Over the years, MySQL has used three different mechanisms for securing passwords both for storage and for transmission across networks.  This blog post aims to provide a brief history of the various mechanisms and highlight reasons to migrate accounts to use the sha256_password mechanism introduced in MySQL Server 5.6.

Original (old) passwords

The original password security mechanism, now known as the mysql_old_password, is insecure in a number of ways, and should not be used (the mysql_old_password authentication plugin is removed from MySQL Server distributions as of version 5.7.5).  It uses a broken hashing algorithm, and attackers who gain access to the password hash stored in the mysql.user table can authenticate with that data.  In short, it’s relatively easy for attackers to find the plain-text password from the hash, but they don’t need to even do that to gain access to MySQL servers configured with such accounts.

Accounts which are configured to use this old password mechanism can be identified by one of the following characteristics:

1. The value of the plugin column in mysql.user is “mysql_old_password”.  This column was introduced with pluggable authentication in MySQL 5.5, so this is only applicable to MySQL Server versions 5.5 and 5.6.
2. The length of the hash stored in the password column of mysql.user is 16 characters.  This is true in all versions of MySQL Server through 5.7, when the password column was removed.

For backward compatibility reasons, support for this old mechanism was left available across many releases, but is finally being fully phased out.  Users with accounts still leveraging this vulnerable password mechanism should change immediately.

New (native) passwords

MySQL 4.1 introduced a new password mechanism.  In all versions of MySQL Server since, this has been the default password mechanism, and as of MySQL Server 5.5, is implemented in the mysql_native_password authentication plugin (which is enabled by default).  This mechanism leverages SHA1 hashing – an algorithm considered secure back in early MySQL 4.1 days, but which now has known weaknesses that some project may be exploitable within several years.  Additionally, the mechanism was improved such that stored password hashes could not be used to authenticate.  The network exchange includes a random seed, but even when an attacker knows both the seed and the client-supplied password hash it generates, it is not possible to extract the password without resorting to brute-force attacks.

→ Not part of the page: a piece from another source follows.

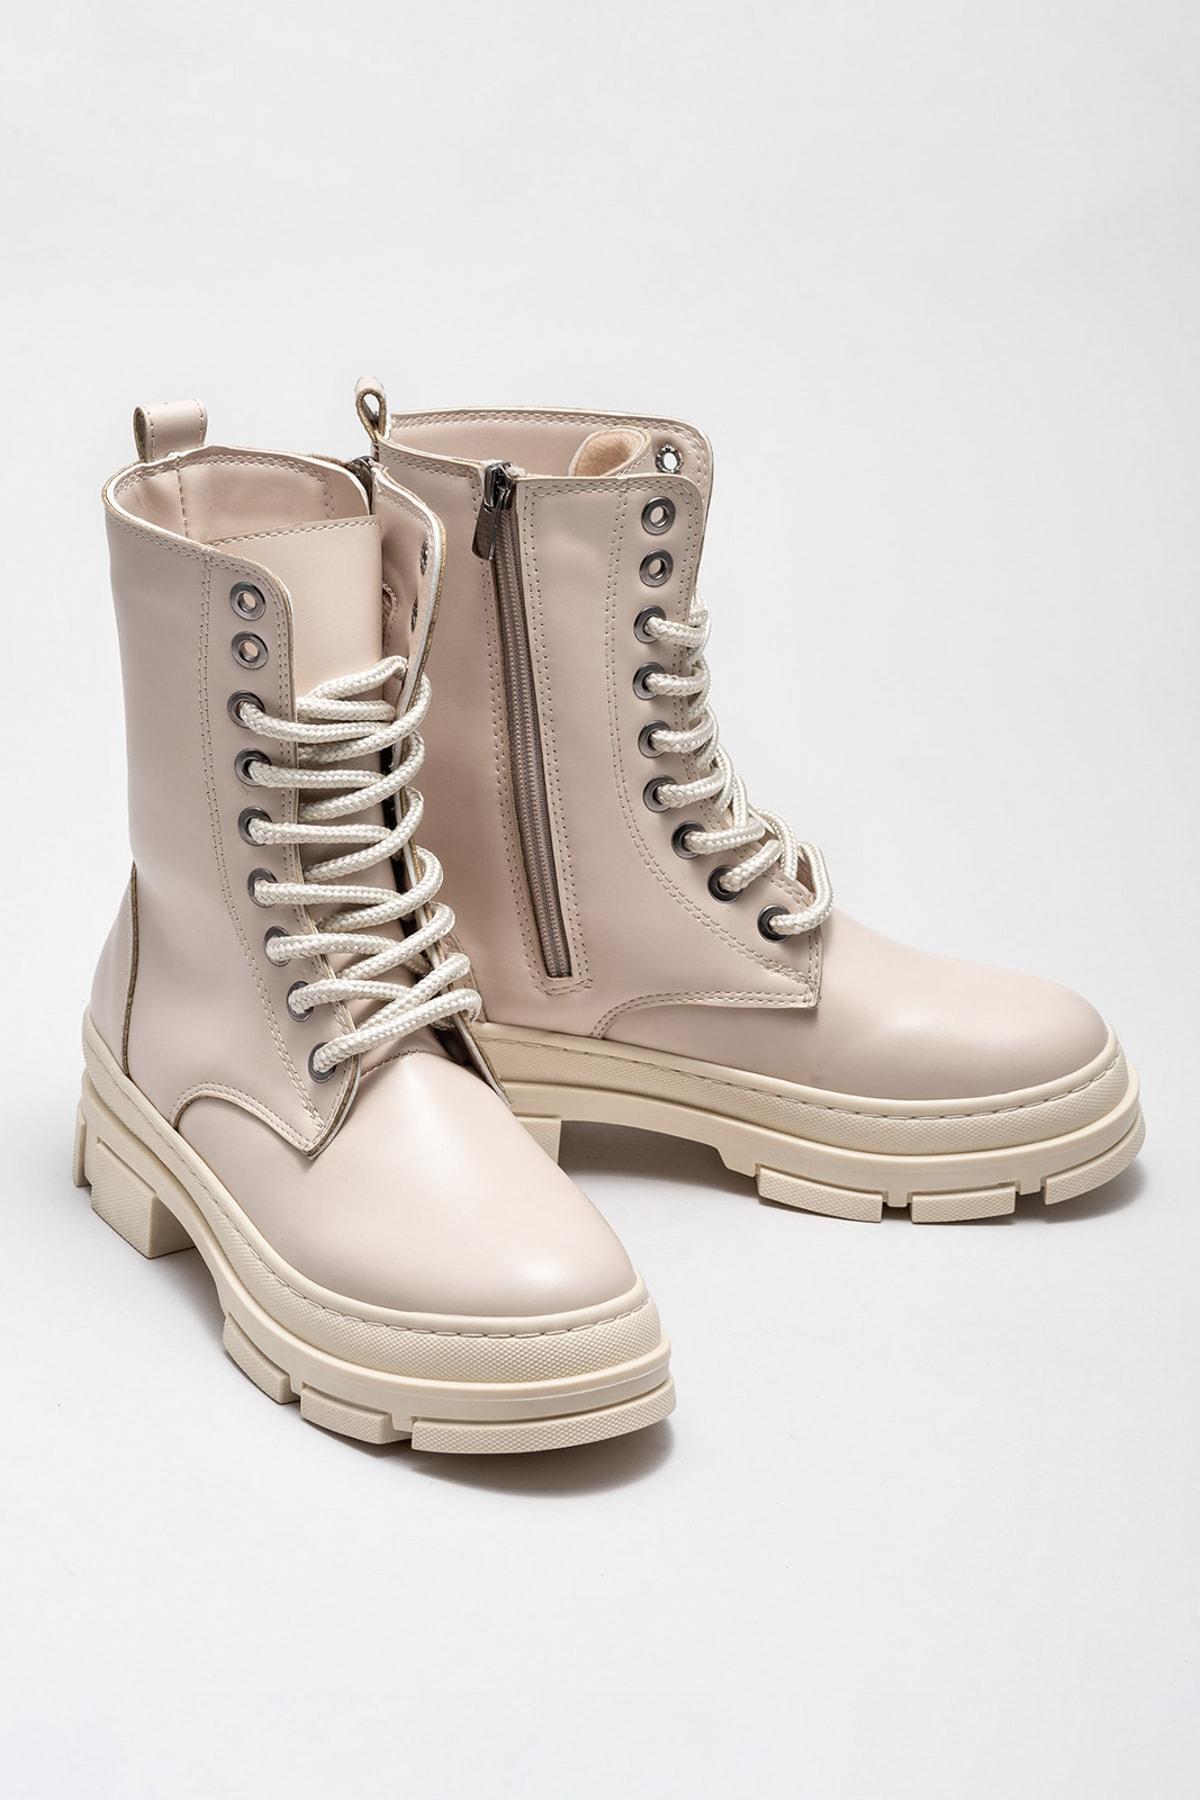 Elle Shoes Kadın Pompey Bej Bot & Bootie 20KAD3434-04 2

This sounds great, and is surely an improvement over the original password mechanism, but there is a notable weakness in password storage: Hashes are now relatively inexpensive to compute, and produce consistent output for consistent input.  Predictability and speed are the enemies of security.

The example below demonstrates how the same password produces the same hash:

mysql> CREATE USER u1@localhost
    -> IDENTIFIED WITH mysql_native_password
    -> BY 'pwd';
Query OK, 0 rows affected (0.00 sec)

mysql>
mysql> CREATE USER u2@localhost
    -> IDENTIFIED WITH mysql_native_password
    -> BY 'pwd';
Query OK, 0 rows affected (0.00 sec)

mysql>
mysql> -- Compare just the last 10 hex characters of
mysql> -- the hash for ease of reading:
mysql> SELECT
    ->   user,
    ->   plugin,
    ->   SUBSTR(authentication_string, -10) hash
    -> FROM mysql.user
    -> WHERE user IN ('u1', 'u2')\G
*************************** 1. row ***************************
  user: u1
plugin: mysql_native_password
  hash: 326D2021DD
*************************** 2. row ***************************
  user: u2
plugin: mysql_native_password
  hash: 326D2021DD
2 rows in set (0.00 sec)

Because the hash of a given password string is exactly the same, every time, it’s possible to leverage precomputed rainbow tables where an attacker only has to look up the stolen hashed password and see what plain-text value corresponds to the known hash value.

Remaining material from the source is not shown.